Breakthrough

Though Jak was a man who usually communicated in terse, fractured English, it was no indication of his mental powers. The albino teenager had a keen native intelligence, a quick, decisive mind and an instinct for making the right move at the right time. Some people might dismiss this talent as a survival urge, something he shared with the lower beasts, even the insects, but it was much more complicated than mere reactive hardwiring. Jak had put together Gabhart’s last words with the problem he faced and the tools at hand, and come up with a viable solution. It was real time synthesis, under pressure of certain death.

He timed his loping stride so he arrived at the guard station a second before the sledge did.

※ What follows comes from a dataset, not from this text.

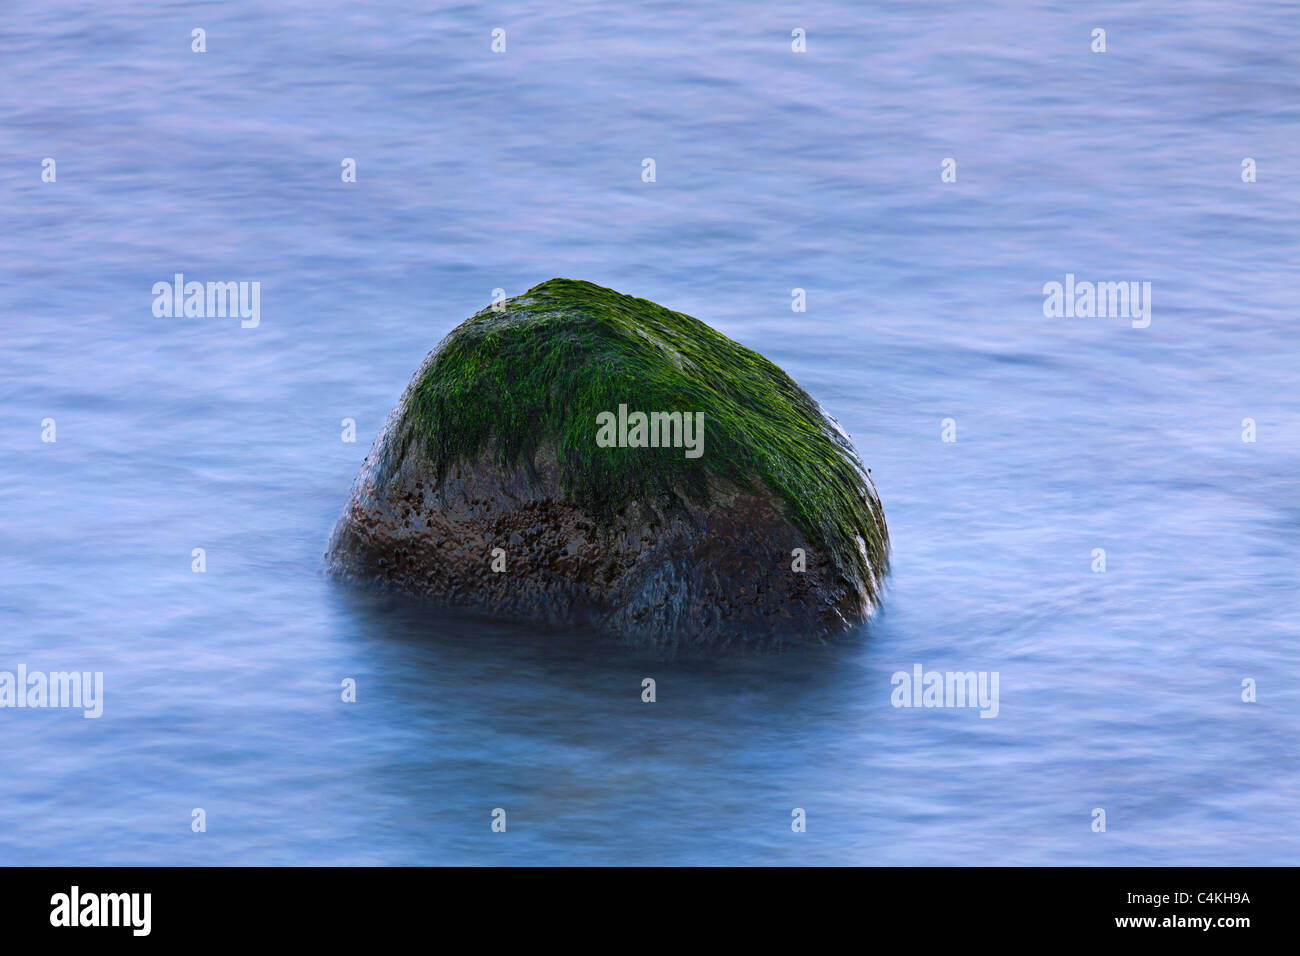 Rock-weed / Seabeard (Cladophora rupestris) growing on rock in tidal waters, Germany Stock Photo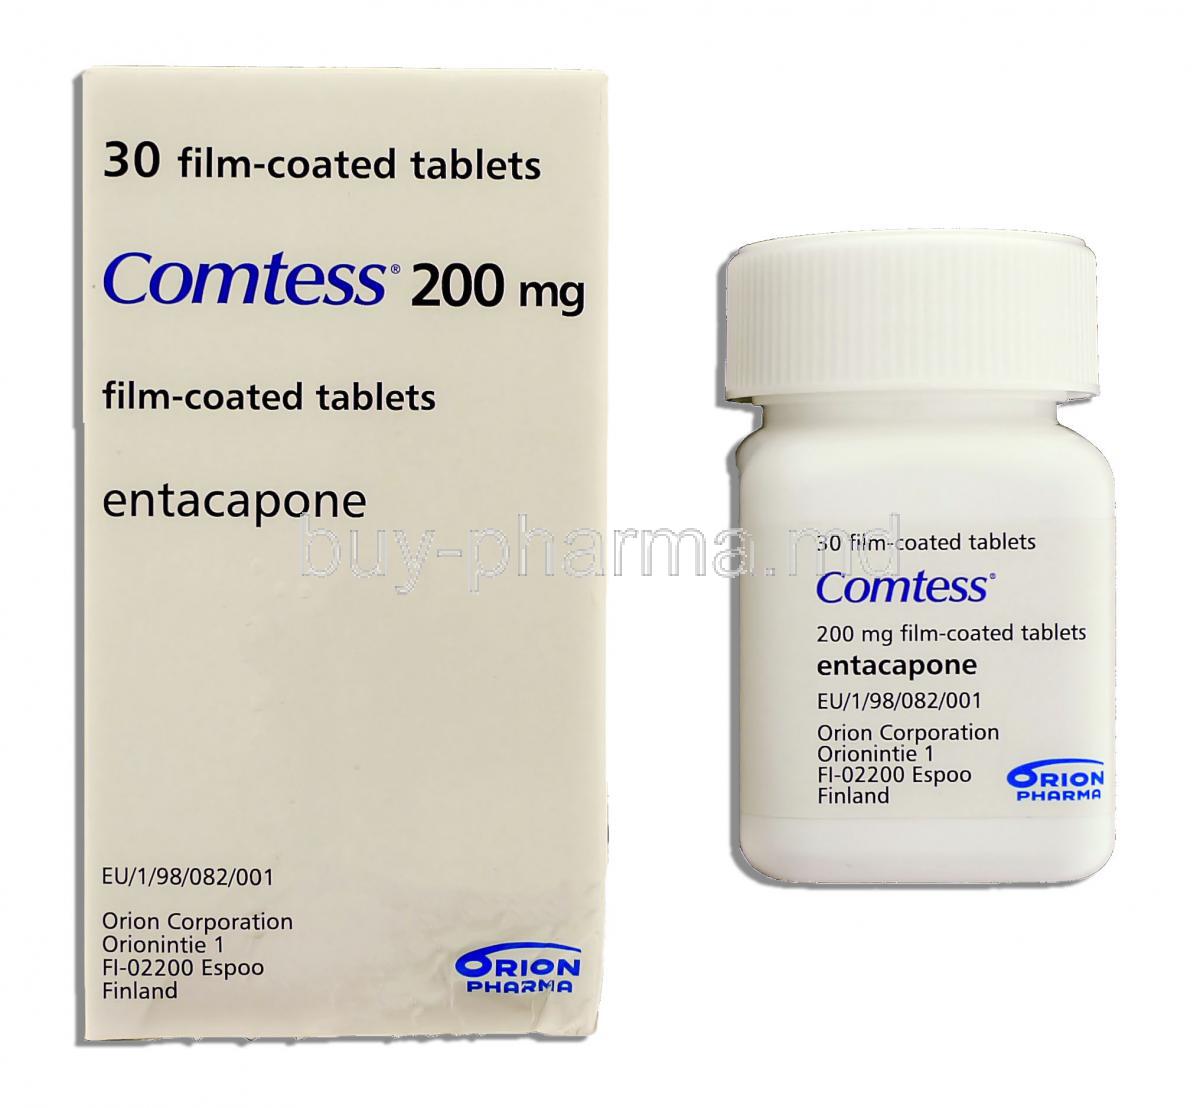 Comtess 200 mg

“Whoa!” he said, holding out his hands, grabbing the front of the cart and stopping it.

“What do you want?” said one of the slaves doing the pushing. “Get out of the way, you white-haired runt!”

Jak walked around the trooper’s side of the sledge. He looked into the box and said, “Ore’s no good. Not rad hot enough.”

“What’s the holdup?” the trooper said, coming closer.

Jak reached into the cart and hefted out one of the big, rectangular blocks, bending his knees to take the weight, which was considerable. “This,” he said, turning and opening his arms.

A hundred pounds of nukeglass fell with a satisfying crash onto the soldier’s boots.

No EM pulse.

No deflection.

“Nuking hell!” the cart pushing slave exclaimed. He gawked at the block, which covered the black boots up to the shins.

Jak couldn’t see inside the trooper’s helmet, but his body language—all scrunched over, barely holding onto his laser rifle—said what had just happened didn’t feel good.

Before the soldier could move, Jak took another, smaller piece of glass and slammed all twenty-five pounds of it onto the top of his helmet. The pulse rifle clattered to the floor beside the block.

At this point, the cart-pushing slave and his partners silently backed away from their sledge and made themselves scarce, hightailing it toward the mine entrance.

The trooper bent and retrieved his rifle. Then he used it like a pry bar to lever the block off his boots.

By that time, Jak was running down the side tunnel, his shoulder length white hair flying.

The trooper didn’t hesitate. And he didn’t call for help from his pal in the other fork of the tunnel. As soon as he got free of the block, he charged after the albino teenager.

Jak actually had to slow down so the trooper could keep him in sight as he ducked into one of the crevices at the end of the tunnel fork. He didn’t want him to lose hope and give up. On the other hand, he didn’t want to give him a clear shot with the pulse rifle.

The passage ahead ran straight for maybe thirty yards, before splitting off into narrower corridors. Jak knew where each went, having out of habit already memorized various routes through the underground maze. His red eyes, which had limitations in bright sunlight, worked well in the green gloom of the shafts. He saw the other slaves coming long before they saw him. He saw their surprise when they blinked and found him running, bagless and full tilt, down the passage straight at them.

They were even more startled by the whistling shriek of a laser rifle in the enclosed space. A beam fifty times brighter than their badges sliced through the cavern’s pall. Diving to avoid the energy pulse, they dropped their ore bags and flattened themselves to the floor.

The shot was high and to the right, just past Jak’s shoulder.

The draftsman’s line of green light hit the wall in front of him.

And melted it.

Instantaneously.

Unlike plain old rock, there was no red glow of the heat-up stage, no incandescent center before it began to drip. At the laser’s impact point, the glass immediately liquefied. And the damage spread out around the initial hole, like ice melting around a blowtorch flame. There was no steam, but there was smoke. Harsh, throat-rasping smoke. The liquid glass poured down the wall and melded with the floor as it quickly cooled.